In der Buchungsstelle 1.1.1.09.5012 000 nebst diversen im Deckungskreis befindlichen Buchungsstellen für verschiedene Sozialträger hatte die Stadtverwaltung in der Haushaltsplanung 2018 insgesamt 29.149.100 € für Personalkosten angesetzt. Kalkulierte Kosteneinsparungen z. B. auf Grund Langzeiterkrankungen, Stundenreduzierungen oder vorübergehend unbesetzter Stellen waren in Abstimmung mit der Kämmerei gemäß Vorbericht zur Haushaltssatzung vorab zum Abzug gebracht worden. Diese Haushaltsansätze reichen jedoch auf Grund des hohen Tarifabschlusses, der je nach Entgeltgruppe und Stufe 2,85 % bis 5,7 % Lohnzuwachs festlegt, nicht aus. Entsprechend der aktuellen Kostenhochrechnung auf der Basis der Oktoberabrechnung zeigt sich, dass zum Jahresende bis zu 960.000 € fehlen könnten. Vom Planansatz handelt es sich um eine Abweichung von 3,29 %. Es handelt sich bei der überplanmäßigen Aufwendung um einen Vorratsbeschluss, da sich erst mit Auszahlung der Dezemberbezüge genau sagen lässt, welcher Betrag tatsächlich benötigt wurde.

Die Ausgaben sind unabweisbar, weil eine Rechtsverpflichtung zur Zahlung der Löhne und Gehälter besteht.

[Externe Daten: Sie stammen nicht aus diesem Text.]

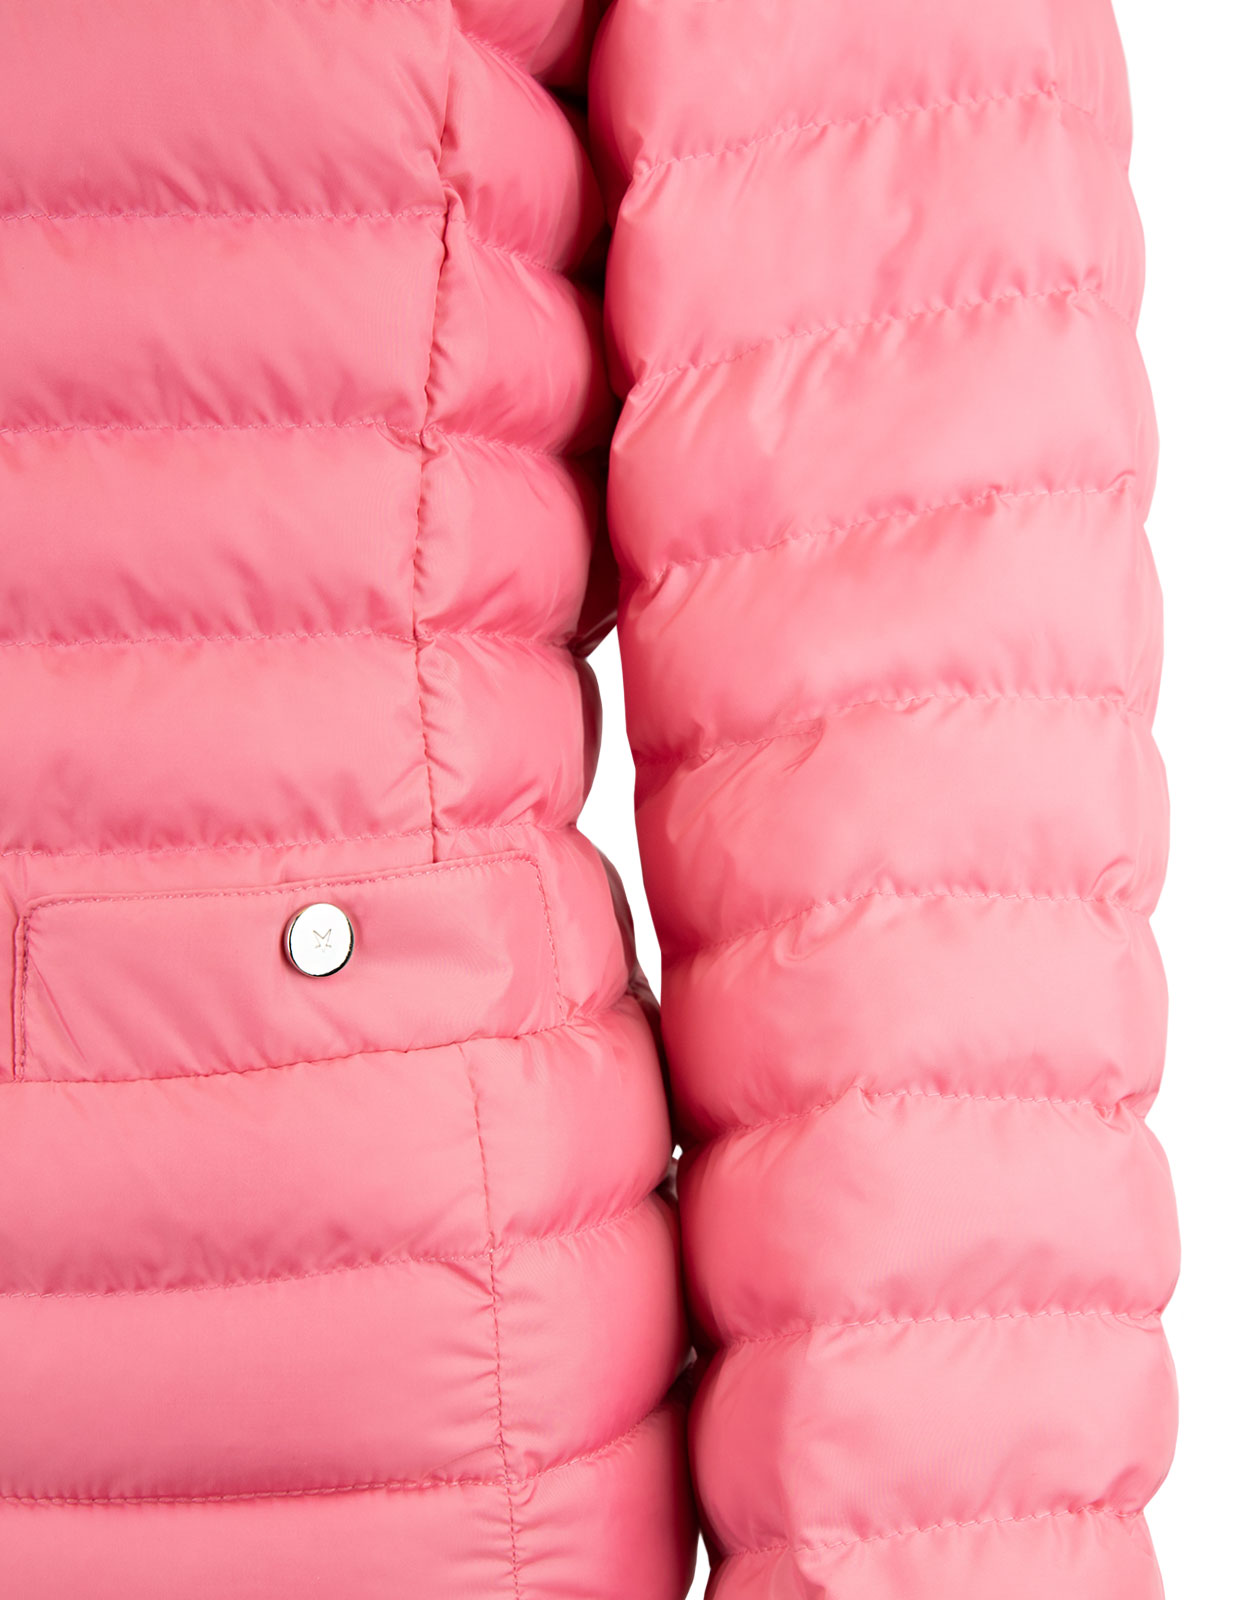 Puff Jacket Pink
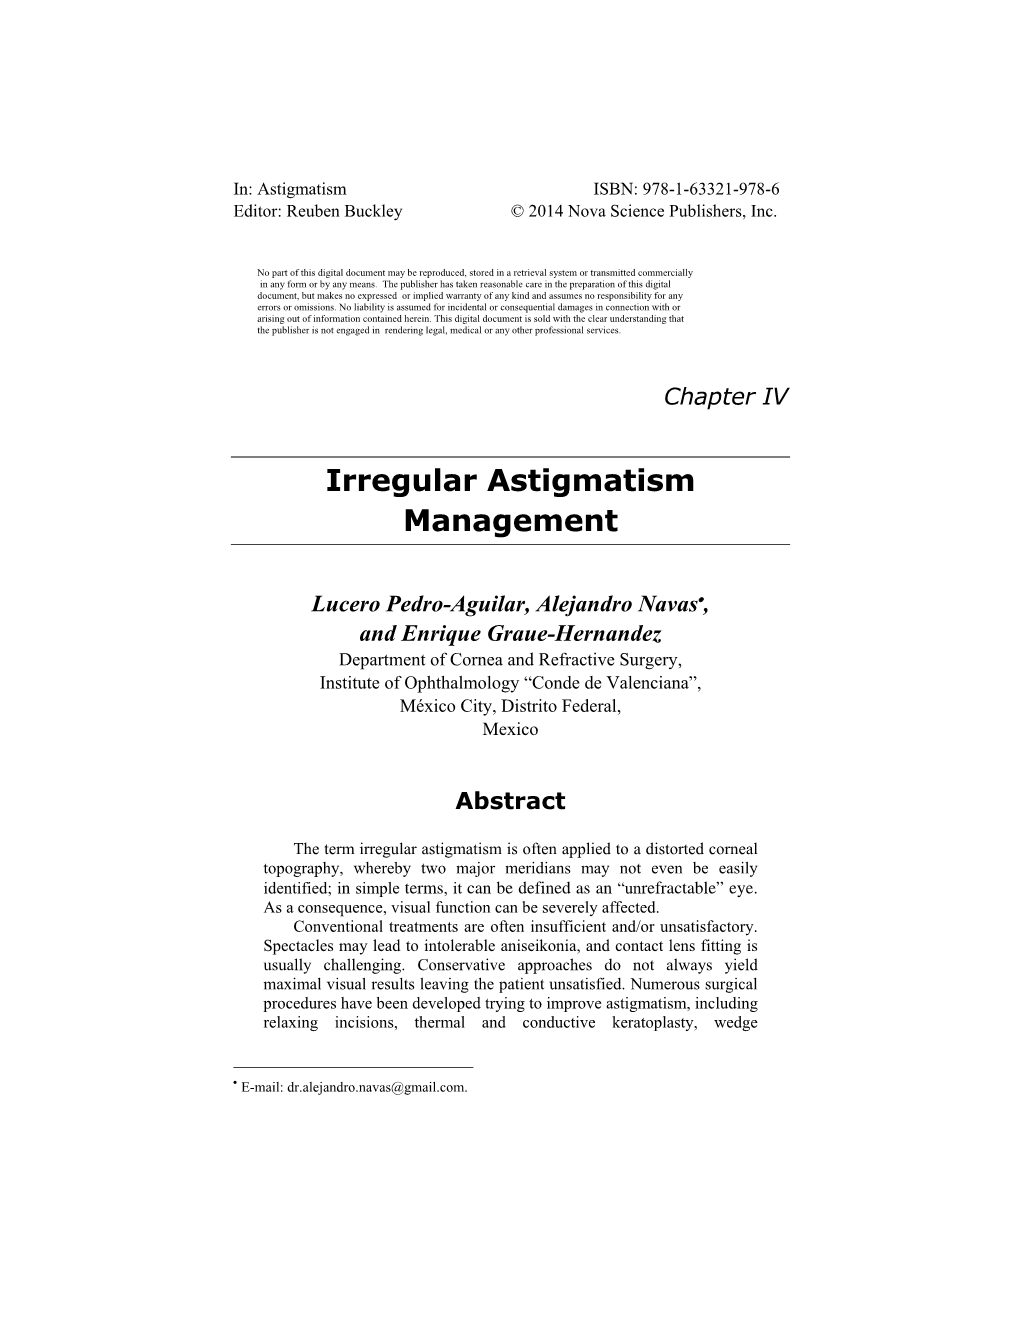 Irregular Astigmatism Management

Als Deckungsquellen wurden bereits im Vorfeld Aufwendungen in zahlreichen Buchungsstellen gesperrt. Durch die Herausnahme des Beschlusses Nr. 092/2018 - Zielabweichungsverfahren Winterberg - aus dem Geschäftsgang durch den Oberbürgermeister werden weitere 160.000 Euro im laufenden Jahr 2018 in den aufgeführten Buchungsstellen nicht benötigt.